Asadi Fawad, Angsuwatanakul Thanate, O'Reilly Jamie A
College of Biomedical Engineering, Rangsit University, Pathum Thani 12000, Thailand.
School of Engineering, King Mongkut's Institute of Technology Ladkrabang, Bangkok 10520, Thailand.
IBRO Neurosci Rep. 2023 Dec 14;16:57-66. doi: 10.1016/j.ibneur.2023.12.002. eCollection 2024 Jun.
Gliomas observed in medical images require expert neuro-radiologist evaluation for treatment planning and monitoring, motivating development of intelligent systems capable of automating aspects of tumour evaluation. Deep learning models for automatic image segmentation rely on the amount and quality of training data. In this study we developed a neuroimaging synthesis technique to augment data for training fully-convolutional networks (U-nets) to perform automatic glioma segmentation. We used StyleGAN2-ada to simultaneously generate fluid-attenuated inversion recovery (FLAIR) magnetic resonance images and corresponding glioma segmentation masks. Synthetic data were successively added to real training data (n = 2751) in fourteen rounds of 1000 and used to train U-nets that were evaluated on held-out validation (n = 590) and test sets (n = 588). U-nets were trained with and without geometric augmentation (translation, zoom and shear), and Dice coefficients were computed to evaluate segmentation performance. We also monitored the number of training iterations before stopping, total training time, and time per iteration to evaluate computational costs associated with training each U-net. Synthetic data augmentation yielded marginal improvements in Dice coefficients (validation set +0.0409, test set +0.0355), whereas geometric augmentation improved generalization (standard deviation between training, validation and test set performances of 0.01 with, and 0.04 without geometric augmentation). Based on the modest performance gains for automatic glioma segmentation we find it hard to justify the computational expense of developing a synthetic image generation pipeline. Future work may seek to optimize the efficiency of synthetic data generation for augmentation of neuroimaging data.

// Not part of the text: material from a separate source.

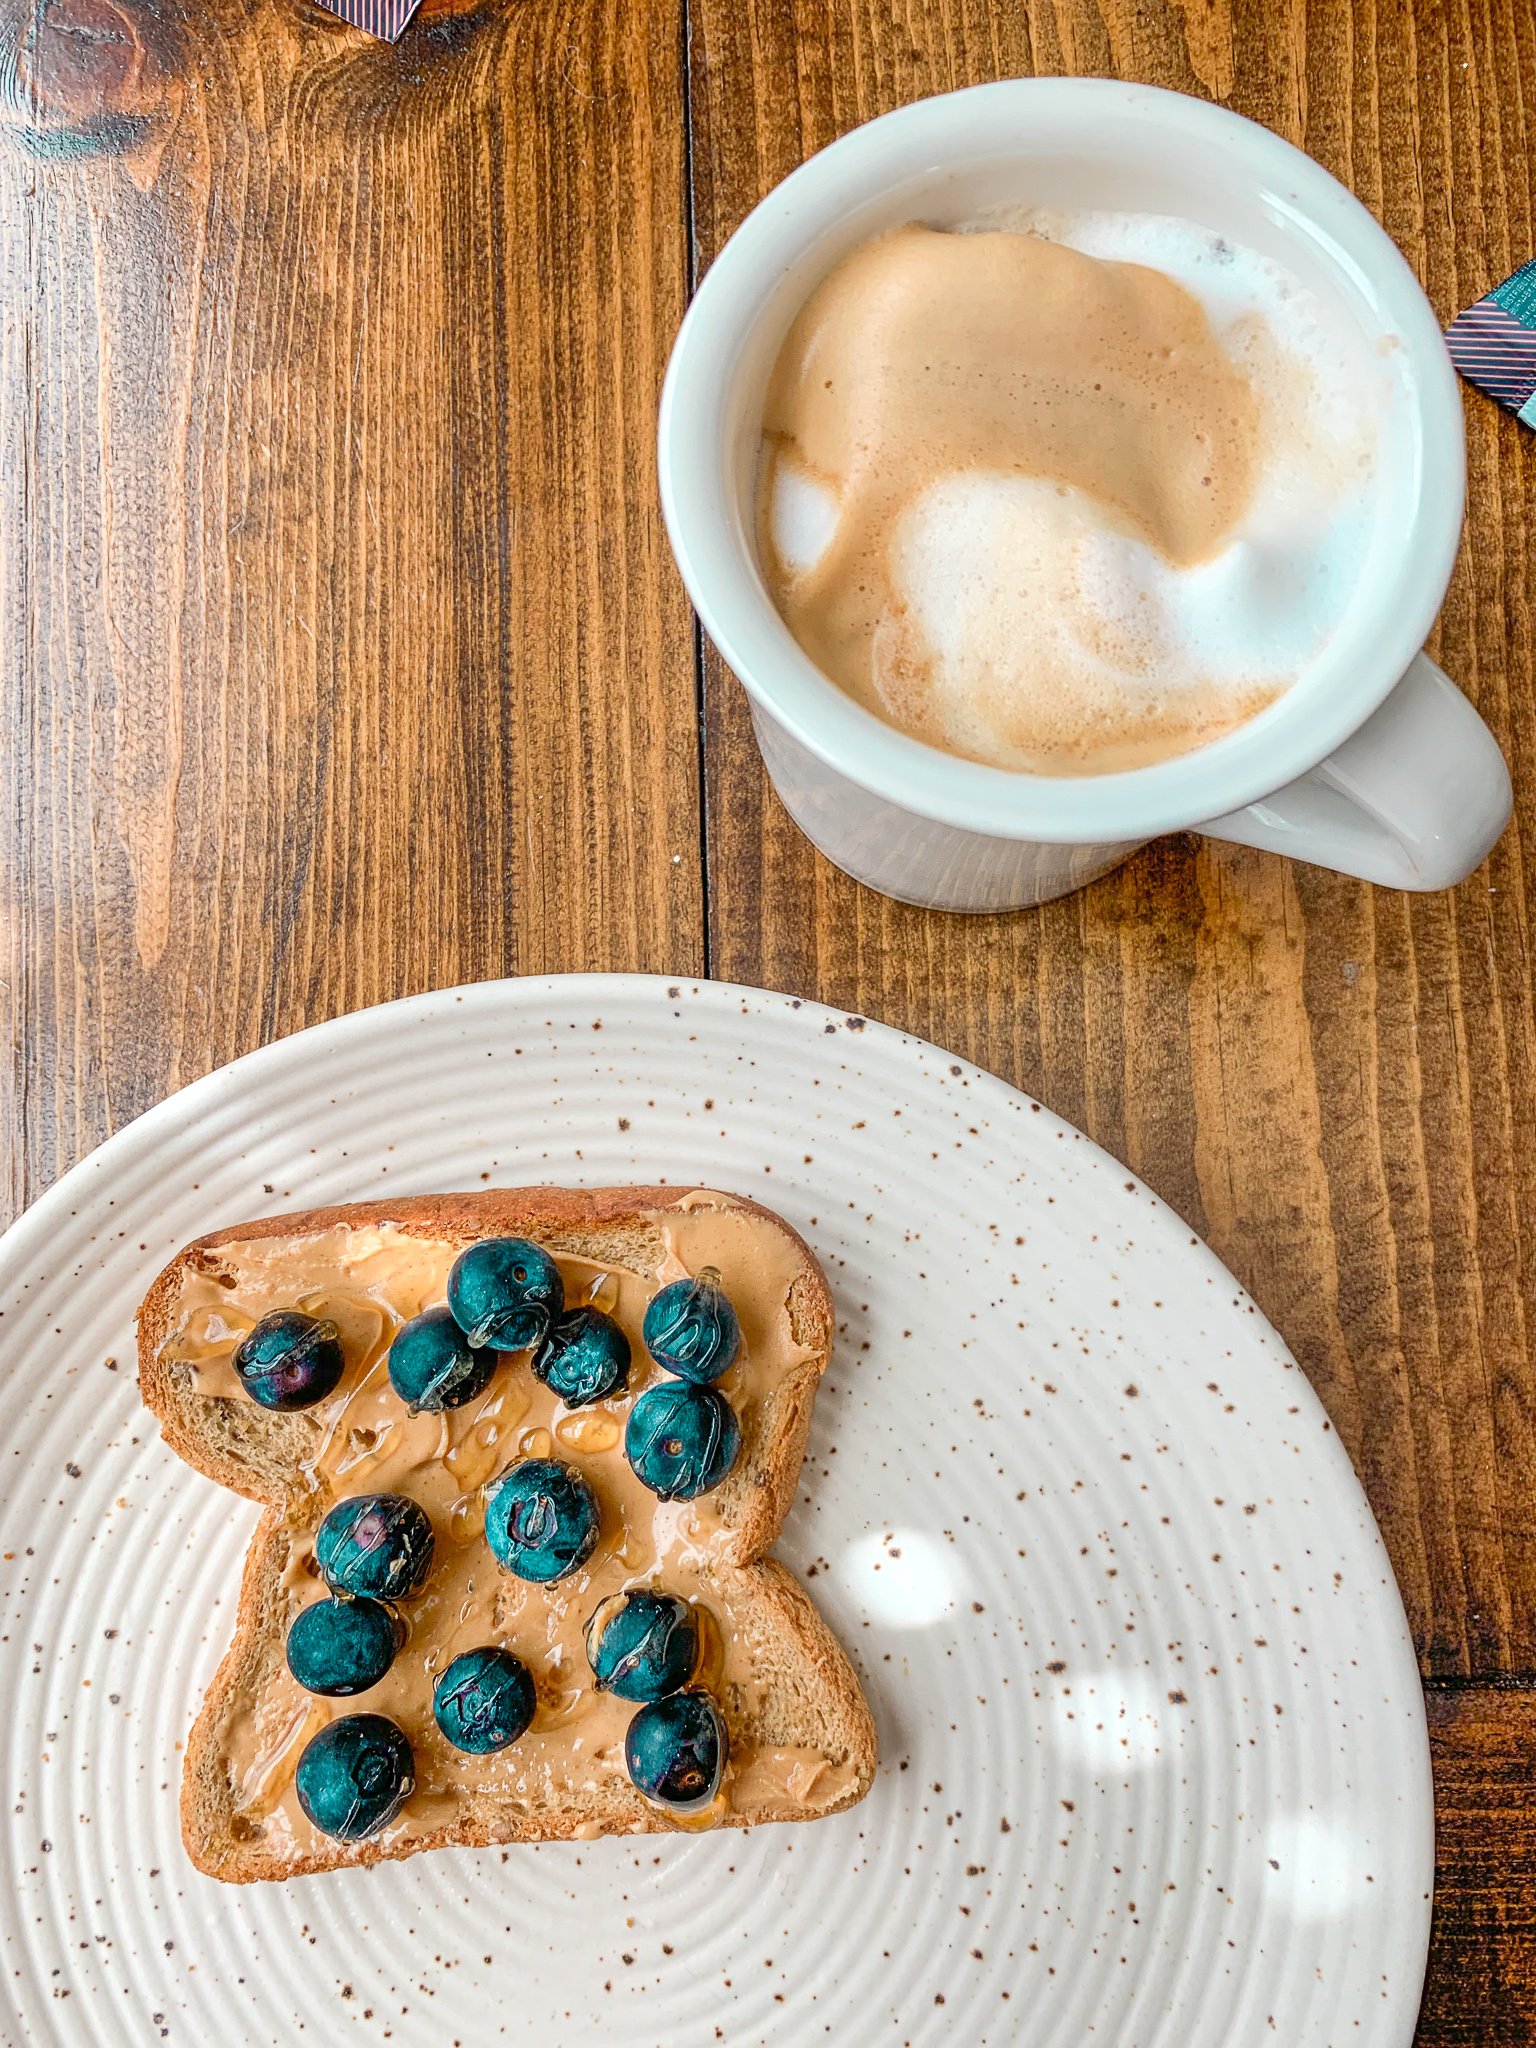 peanut butter gluten free toast honey blueberries almond milk cappuccino Nespresso machine breakfast
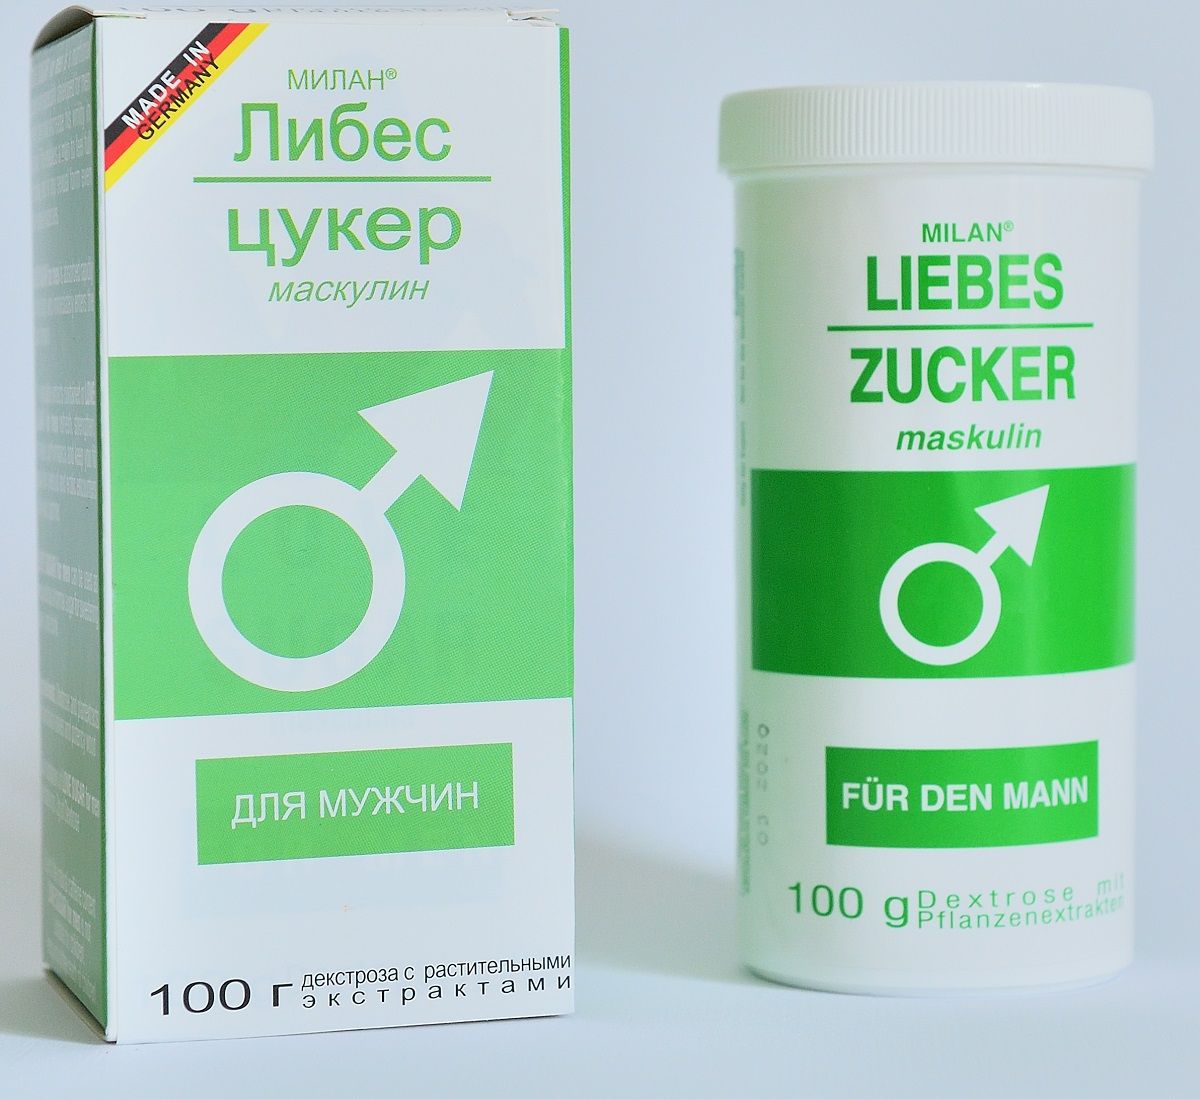 Сахар любви для мужчин Liebes-Zucker maskulin - 100 гр. - фото 143164

医学图像中观察到的胶质瘤需要专业神经放射科医生进行评估,以制定治疗计划和进行监测,这推动了能够自动执行肿瘤评估某些方面的智能系统的开发。用于自动图像分割的深度学习模型依赖于训练数据的数量和质量。在本研究中,我们开发了一种神经影像合成技术,以扩充数据来训练全卷积网络(U-net),以执行自动胶质瘤分割。我们使用StyleGAN2-ada同时生成液体衰减反转恢复(FLAIR)磁共振图像和相应的胶质瘤分割掩码。在十四轮每次1000次的过程中,将合成数据相继添加到真实训练数据(n = 2751)中,并用于训练在留出的验证集(n = 590)和测试集(n = 588)上进行评估的U-net。在有和没有几何增强(平移、缩放和剪切)的情况下训练U-net,并计算Dice系数以评估分割性能。我们还监测了停止前的训练迭代次数、总训练时间和每次迭代的时间,以评估与训练每个U-net相关的计算成本。合成数据增强在Dice系数方面产生了微小的改进(验证集提高了0.0409,测试集提高了0.0355),而几何增强提高了泛化能力(有几何增强时训练、验证和测试集性能之间的标准差为0.01,没有几何增强时为0.04)。基于自动胶质瘤分割的适度性能提升,我们发现很难证明开发合成图像生成管道的计算成本是合理的。未来的工作可能会寻求优化合成数据生成的效率,以扩充神经影像数据。